▶ [Stored data]:
▬▬▬▬▬▬▬▬▬▬
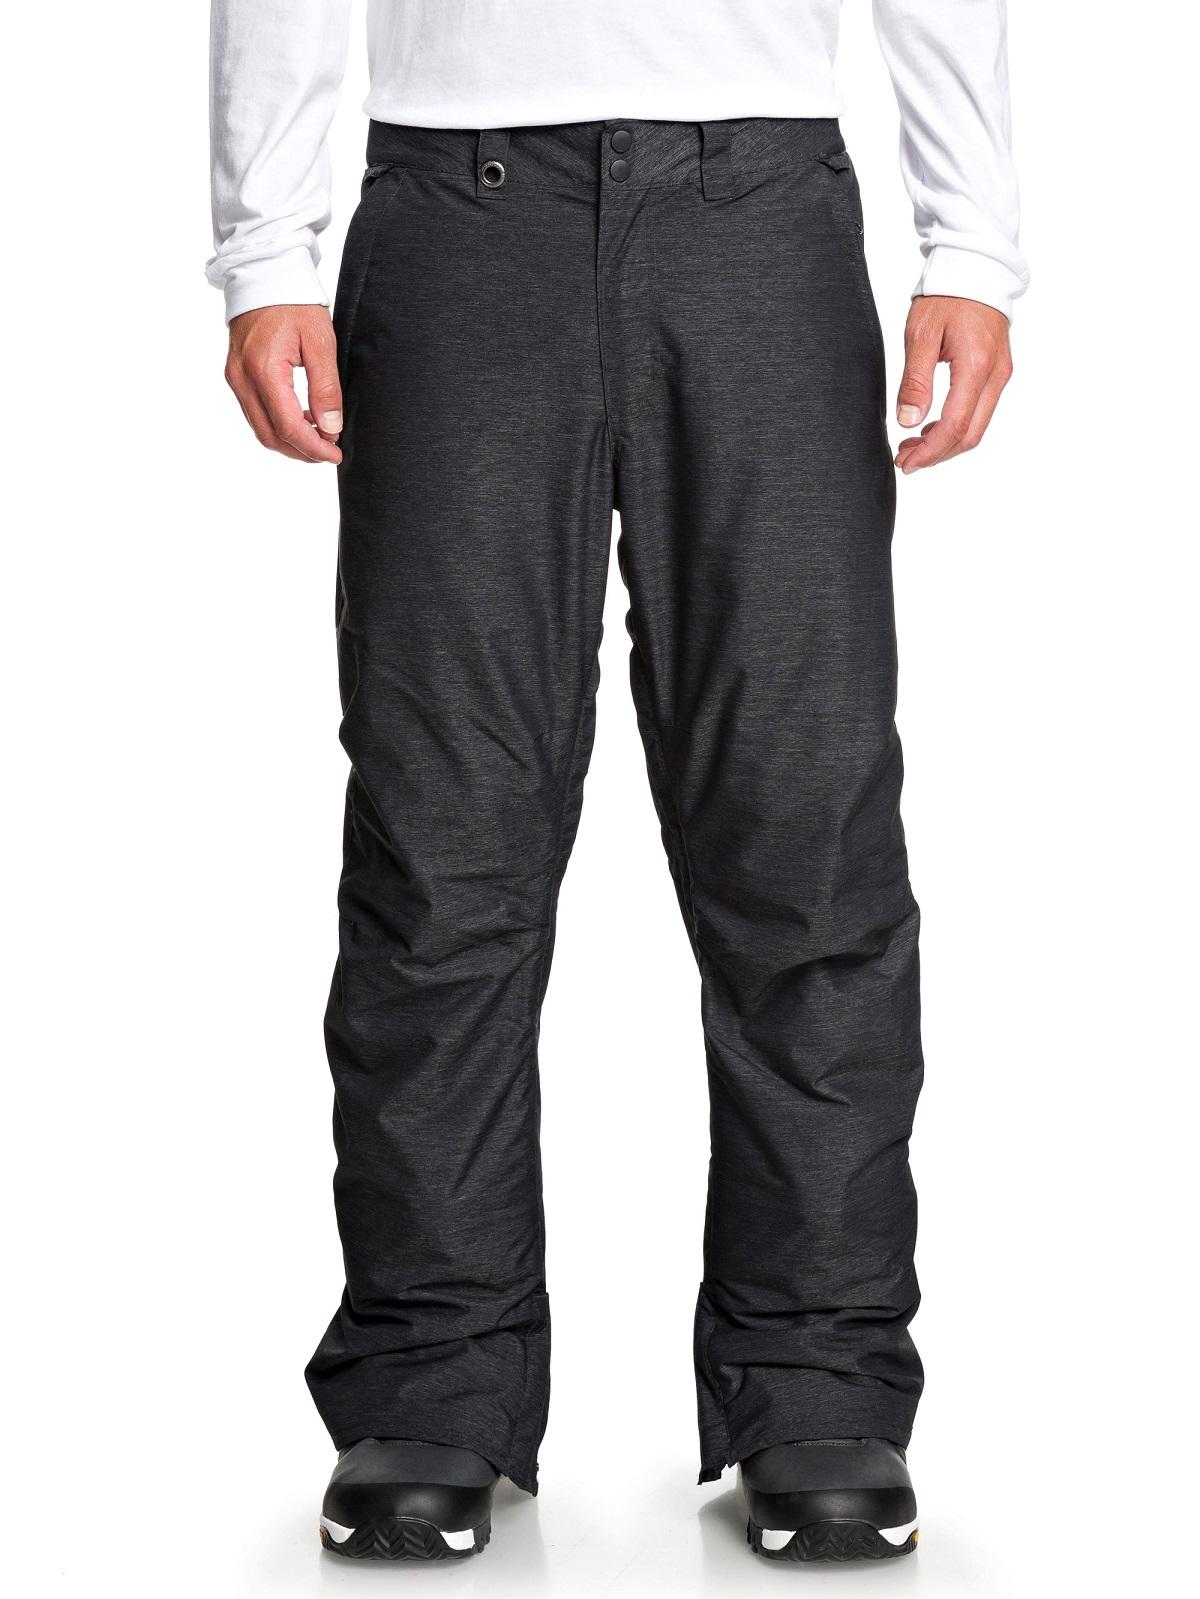 Kalhoty lyžařské pánské QUIKSILVER ESTATE TEXT PT
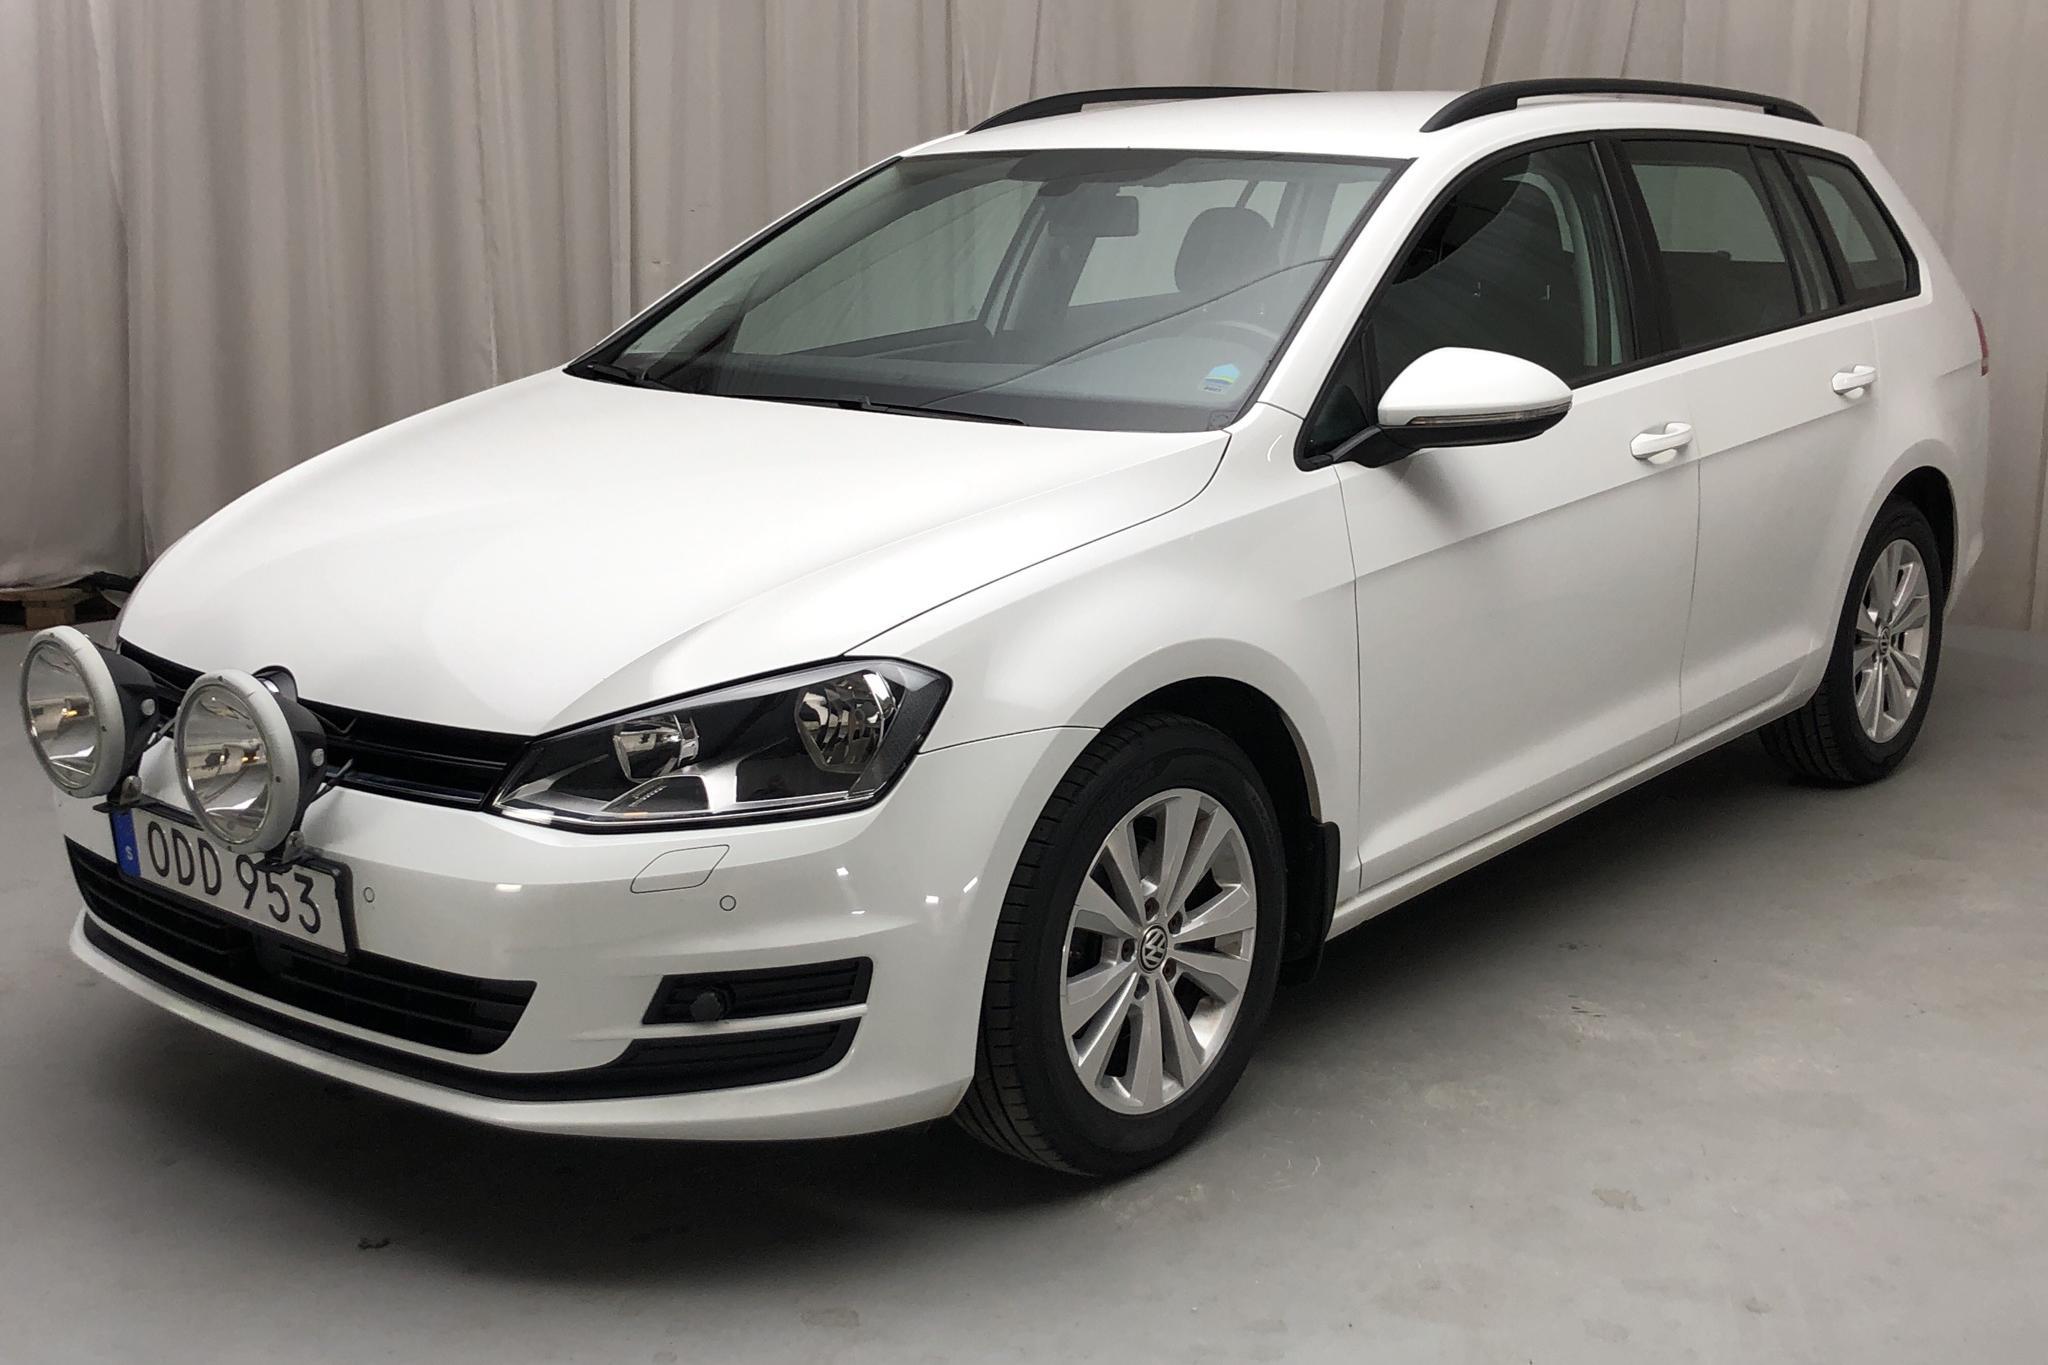 VW Golf VII 1.6 TDI BlueMotion Sportscombi 4Motion (110hk) - 15 956 mil - Manuell - vit - 2017
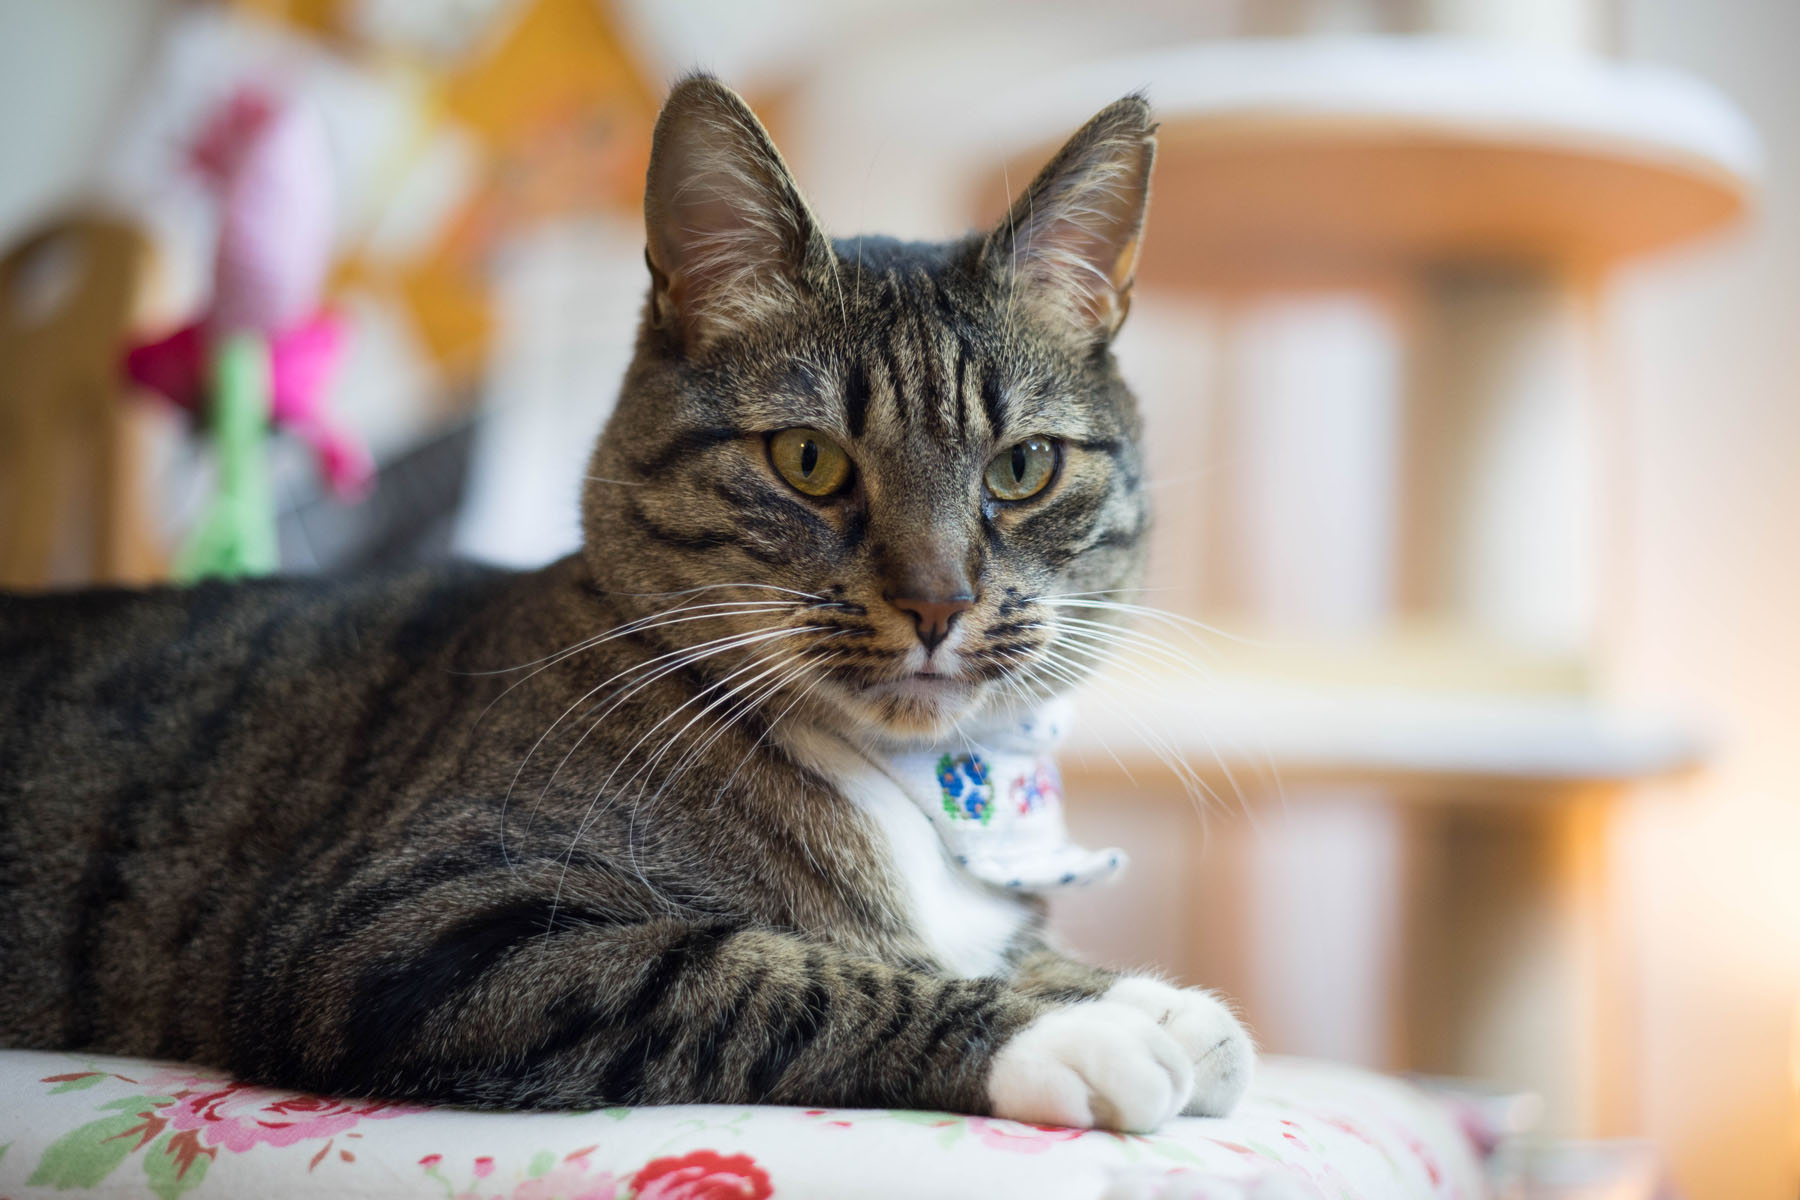 Good deal: Amazon Pet Festival deals for cat owners
▬▬▬▬▬▬▬▬▬▬
▶ [Task to carry out]: Only the pictures are dropped when you print the material; everything else is copied exactly.

▶ [Task response]:
 Kalhoty lyžařské pánské QUIKSILVER ESTATE TEXT PT
 VW Golf VII 1.6 TDI BlueMotion Sportscombi 4Motion (110hk) - 15 956 mil - Manuell - vit - 2017
 Good deal: Amazon Pet Festival deals for cat owners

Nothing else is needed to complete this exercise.